For the next six months, Vrublevsky was in the Lefortovo detention center. After being released from custody, Vrublevsky was preparing to sell ChronoPay, the buyer was supposed to be a large state bank.

Vrublevsky's lawyer argued that the case was completely fabricated, and demanded that the FSB officers be held accountable. The criminal case was sent for further investigation by a curious circumstance - the investigation of the FSB confused (and the Prosecutor General's Office confirmed this in the indictment) the number of the federal law on which Vrublevsky was involved: instead of 26-FZ (articles 272 illegal access and 273 creation and use of viruses) FZ, the law on ratification of the agreement of the Russian Federation and the countries of Asia on creation of the joint drug center. Subsequently, the prosecution in 273 articles was withdrawn by the Tushinsky District Court in view of the expired statute of limitations.

The reasons and motives for the criminal prosecution of Vrublevsky were actively discussed in the press.

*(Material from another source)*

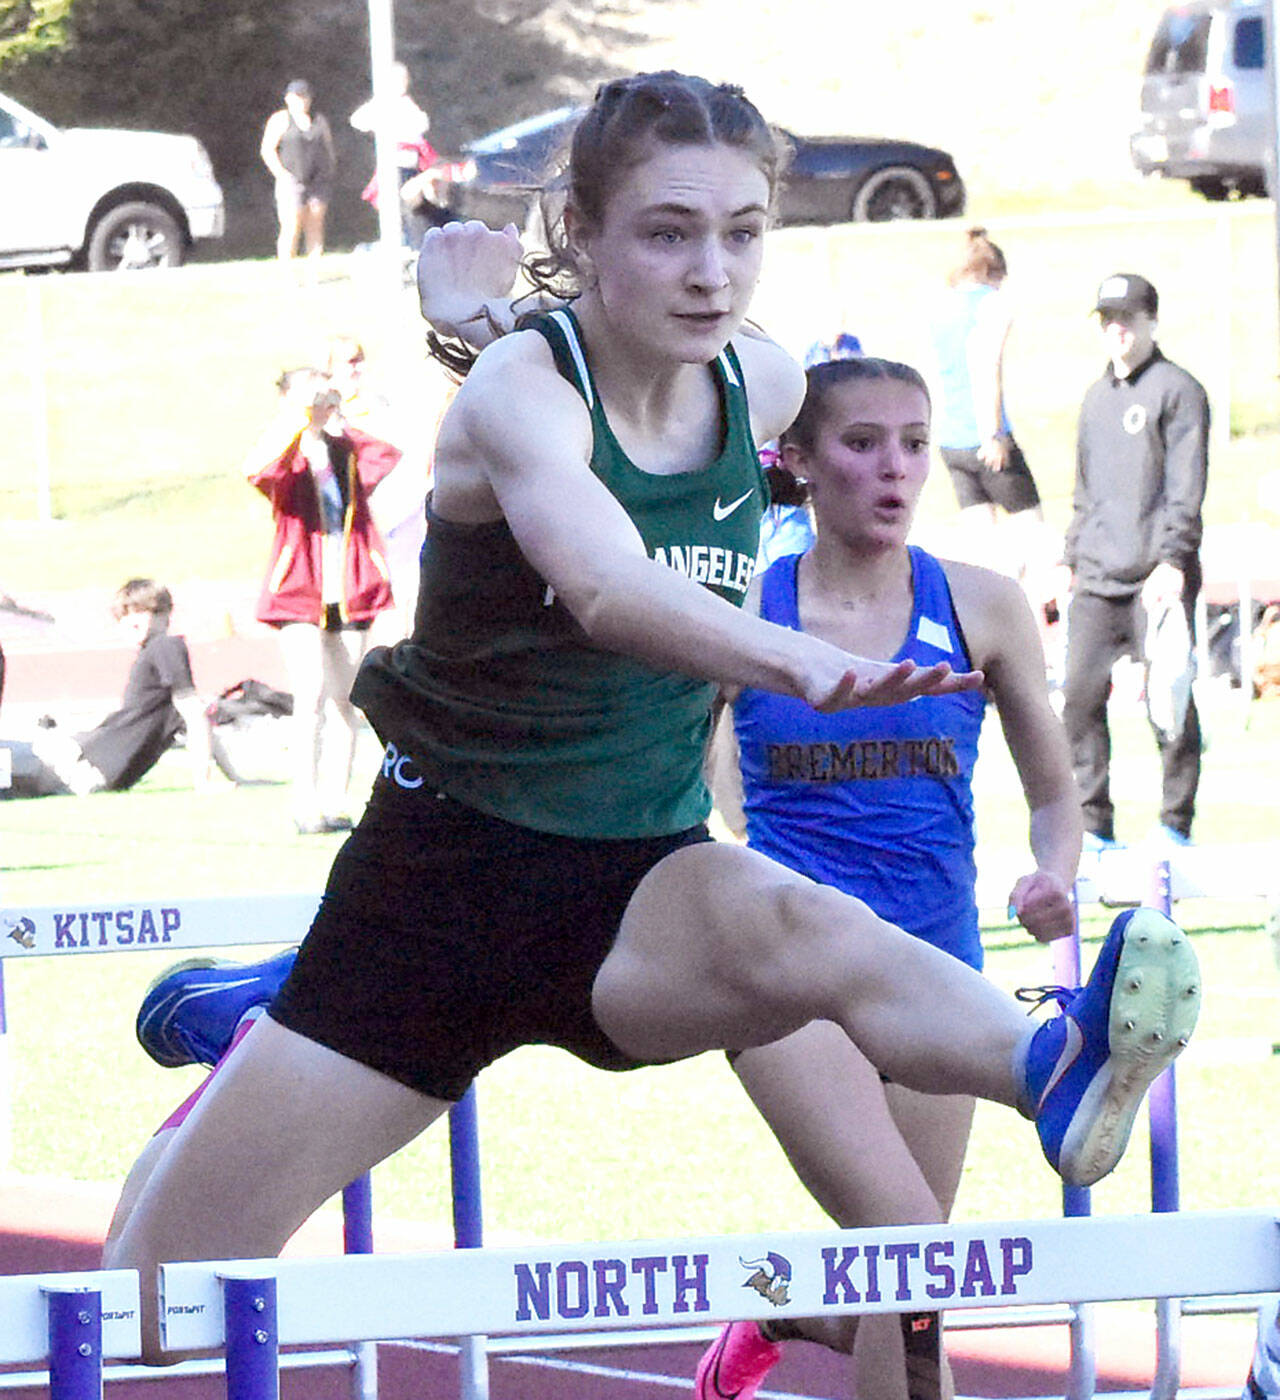 Nicholas Zellar-Singh/Kitsap News Group Port Angeles’ Faerin Tait leaps during the 100-meter hurdles Thursday at the Olympic League Track and Field Championship at North Kitsap High School.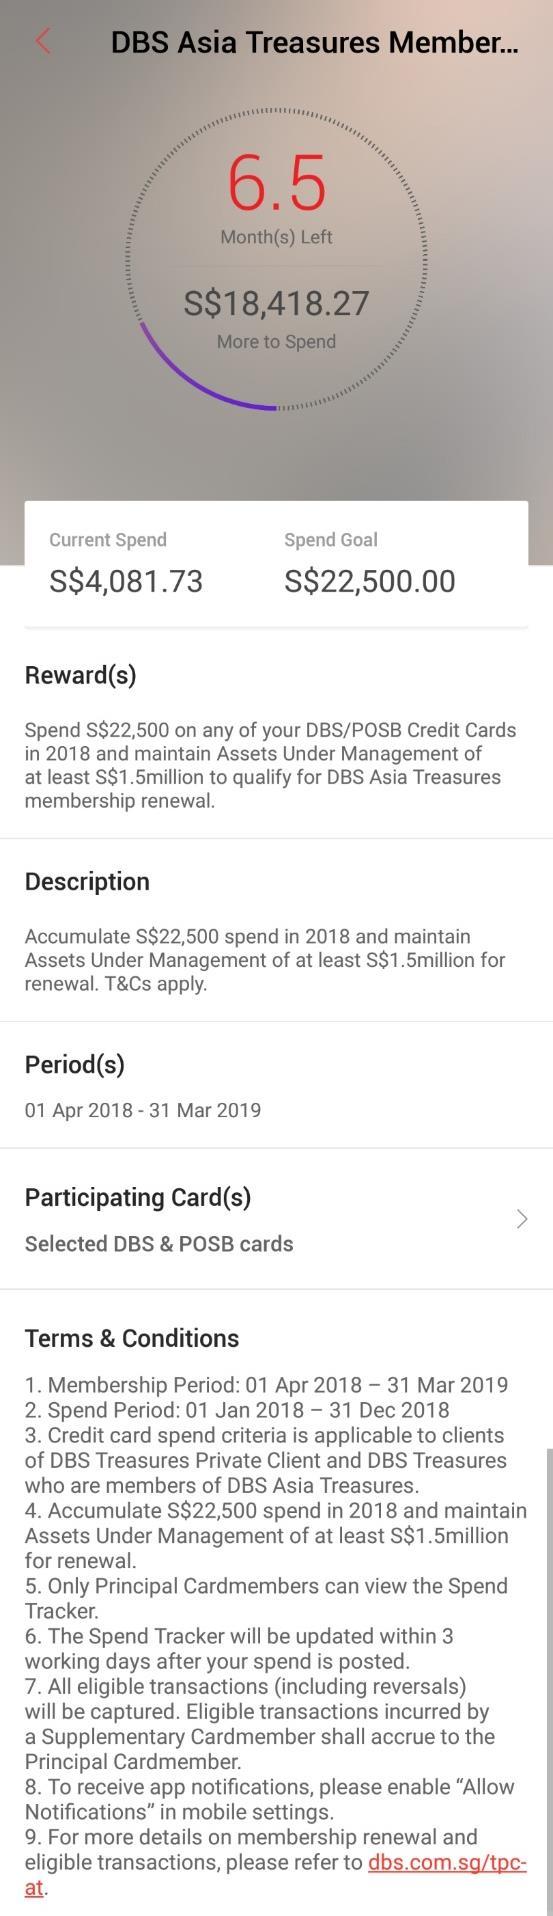 (d) Tap on the Spend Tracker to find out more

Thus, the article by Irek Murtazin in Novaya Gazeta argued that despite the fact that Vrublevsky is pursued by the CIS FSB, he may be an agent or partner of the FSB "Office K" for illegally withdrawing money from the country.

On July 31, 2013, a court session was held on the case of a DDoS attack on the Assist system site, during which Pavel Vrublevsky was recognized by the court as an organizer for an attack on Assist "with the aim of destroying it" and sentenced to 2.5 years in a general regime colony. Igor and Dmitri Artimovich, who were also participating in the case as accomplices, were sentenced to 2.5 years of the colony of the general regime, and Maxim Permyakov received two years probatory sentence "for active repentance and assistance to the investigation".

A few months later, the Moscow City Court mitigated the punishment of Vrublevsky and other defendants for a "colony-settlement". On May 27, 2014, Vrublevsky was released on parole ahead of time from the colony. Russian investigative journalist Irek Murtazin reported that this early release was in return for assistance by Vrublevksy in running a Russian government payments system designed to circumvent attempts by Western states to restrict Russian transactions. Vrublevksy's co-defendant Igor Artimovich, told The New York Times that he was offered a similar deal for a reduced sentence in return for working for the Russian government, but he declined.

=== Treason Care ===
In December 2016, officers of the CIS FSB Sergey Mikhailov, Dmitry Dokuchaev, head of the cybercrime investigation department of Kaspersky Lab Ruslan Stoyanov, and Georgy Fomchenkov were arrested for treason.

In January 2017, it became known that the head of the site "Humpty Dumpty", journalist Vladimir Anikeev, also known as the "Anonymous International", who hacked the mail of Russian businessmen and high-ranking officials, was detained shortly before the arrest of FSB officers. In January, Rosbalt told about the circumstances of the capture of Anikeev: the FSB detained him in October 2016, and later, according to his testimony, high-ranking FSB officers Dmitry Dokuchayev and his boss Sergey Mikhailov were arrested. They were accused of state treason and cooperation with the CIA.

In February 2017, Reuters reported that the case of a state treason in the FSB was due to Vrublevsky's testimony from 2010. The New York Times hypothesized that the treason trial was Vrublevsky's revenge for his conviction.

The result of the case was the complete cessation of cooperation between Russia and the US on cybercrime. This was perhaps the goal of the case, according to Russian investigative journalists Andrei Soldatov and Irina Borogan. Zenz spoke about her belief that the case was due at least in part to infighting between Russian security services at BlackHat USA in 2019.

Stoyanov himself released a letter from prison, sharing his belief that he was charged because he opposed efforts by the Russian state to protect cybercriminals in return for cooperation with the state.

In March 2017, the US Department of Justice announces the involvement of Sergei Mikhailov and Dmitry Dokuchaev in the hacking of 500 million Yahoo mail accounts.

On June 12, 2017, a significant part of the documents on the Mikhailov case was sealed with a "secret" stamp, Rosbalt reported, citing an informed source.